As an Autism mom, the book that has made the most sense to me in explaining the why as well as offering a solution is The GAPS diet. So this is what I aim for in my family…or at least The Paleo diet which is very similar and more people are familiar with it.
2)Intimacy with my Creator. For me as a Catholic, at the top of that list is frequent Reception of the Sacraments in a place that feels authentic. I’ve found that as a ‘sensitive soul’ a more traditional setting serves me best. I like all the bells and whistles in my Liturgy.

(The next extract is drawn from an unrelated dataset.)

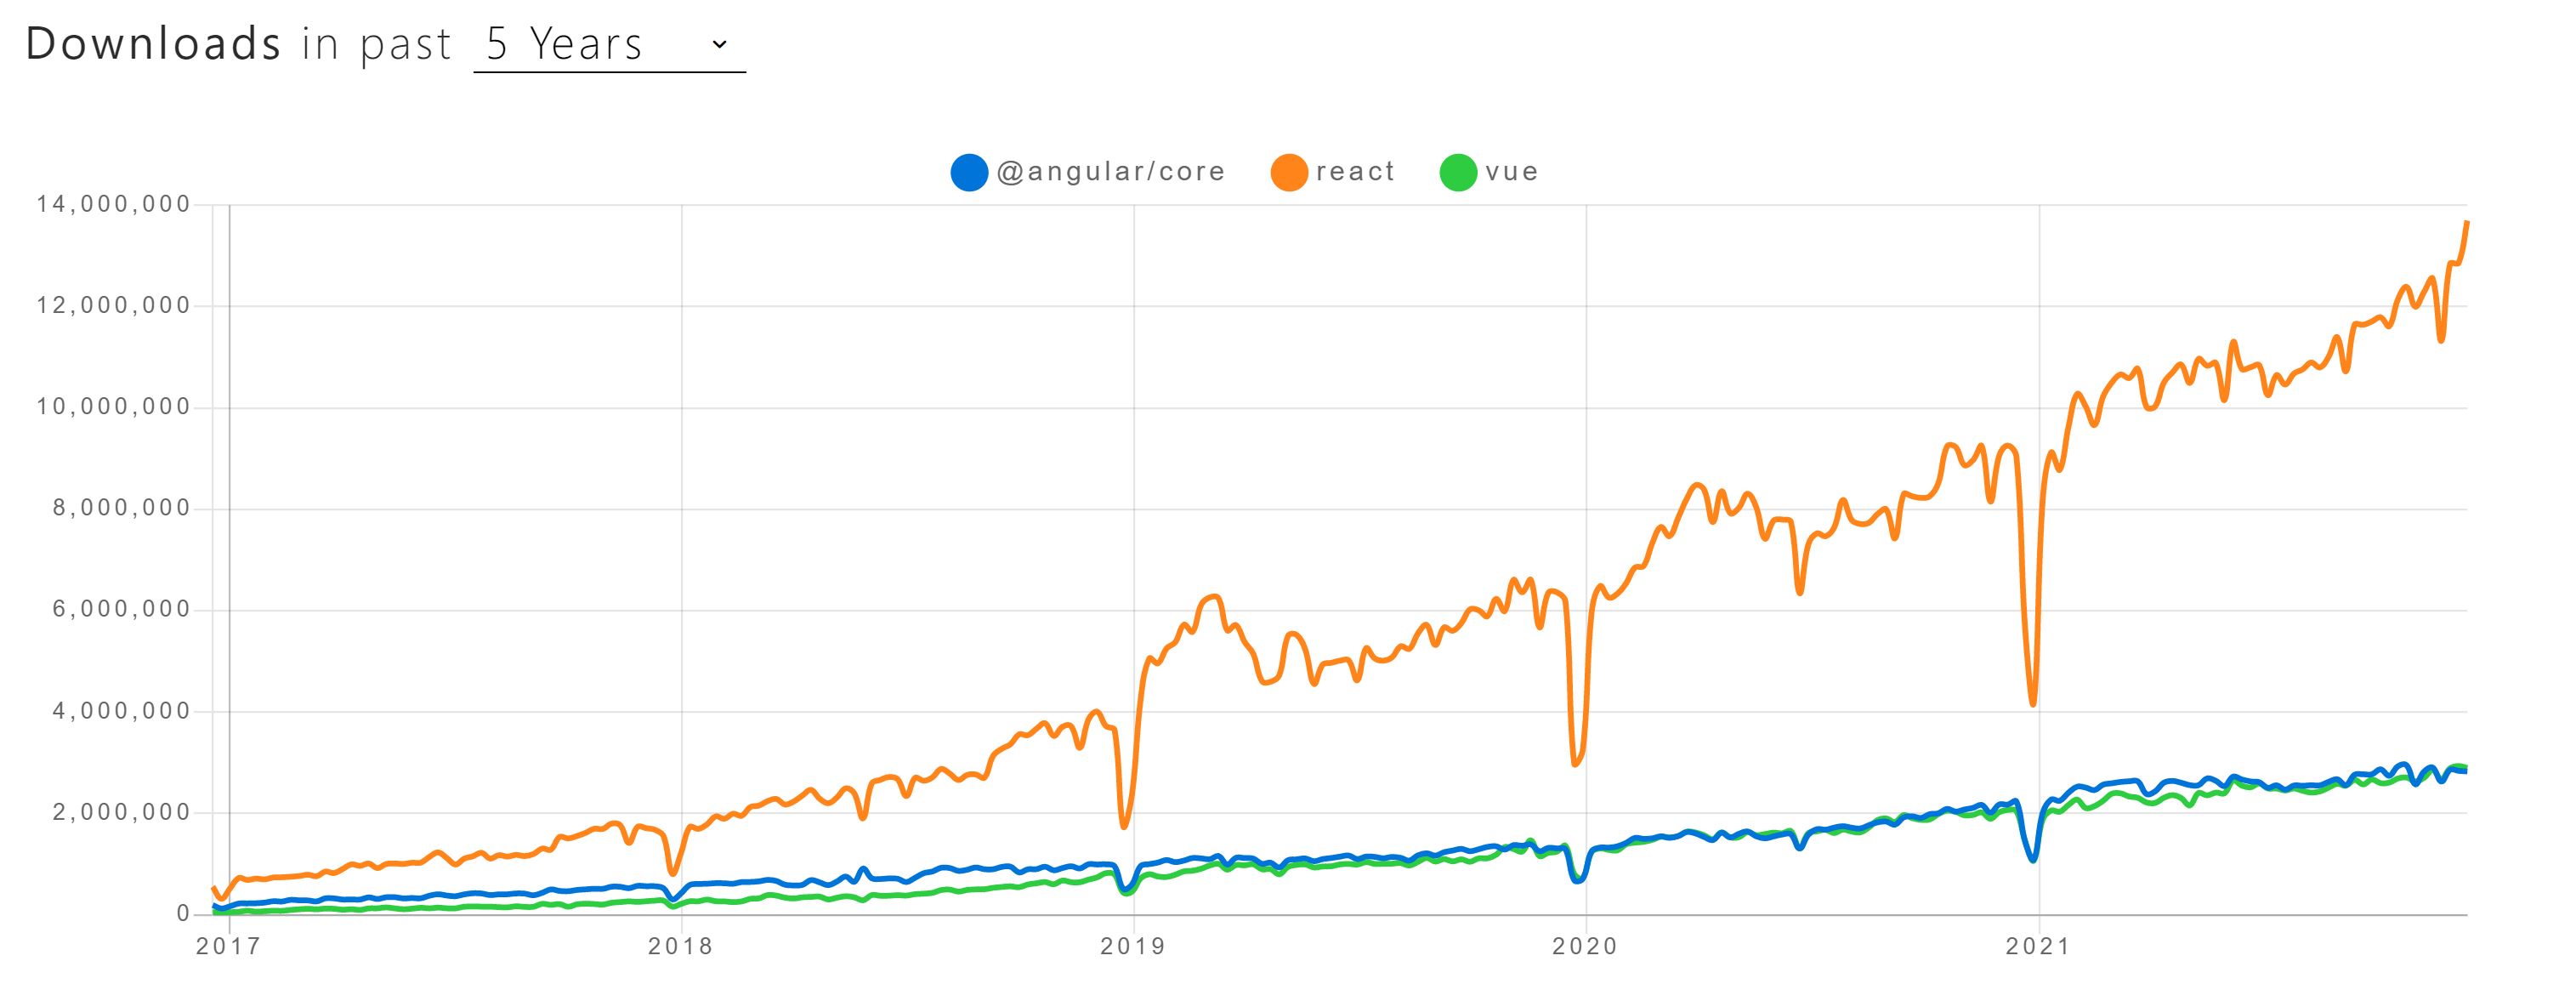 React vs. Angular vs. Vue - Downloads by developers from NPM

3)Intimacy with others. To be in relationships where I can lay it all out and feel accepted for who I am but yet challenged to be better. To be surrounded and reaffirmed by people who are similarly called. Where I can both feed and be fed and nurtured and can have a safe exchange of ideas.
4)To guide and nurture my children in the most authentic way possible. Being attentive to their special needs and distinct calling. For me, this involves choosing a homeschooling curriculum that fits our needs. And developing a method of discipline that reaches their heart.
5)To live in an organized and fairly clean setting. Surrounded by nature and beauty. Beautiful music, art and good books surround me.It means de cluttering my living spaces and putting together a cleaning schedule that works for us. A la Flylady.
6)To express my creativity and make a living at it. Productivity is of huge importance to me, as is providing financially for my family and for the things that The Lord puts in my heart of course. Right now, my photography is my passion. I believe that this is my current calling, and the tool that I’m to use to connect to others.
The above link takes you to an article on homeschooling which is perfect for the ‘sensitive’ mom. It really captures my heart, this is what I aim for as well. I fall short of it of course…I mean very short of it…lol…but it inspires me to try harder.
I also love all the coping strategies for the sensitive mom, over at www.sortacrunchy.net, it’s basically feeding all of your senses in ways that will nourish and refresh your spirit and keeping away from that which depletes you. For me, being a very visual person…I need to keep clutter at bay and have pretty things that I enjoy looking at close by me. I love taking a walk in my garden when it is in bloom. I am very sensitive to smells as well, and do enjoy lighting up a favorite scented candle. I have to be aware of sounds too…can’t take yelling at all…loud tv noises irk me. I like the sounds of nature…birds, water…etc.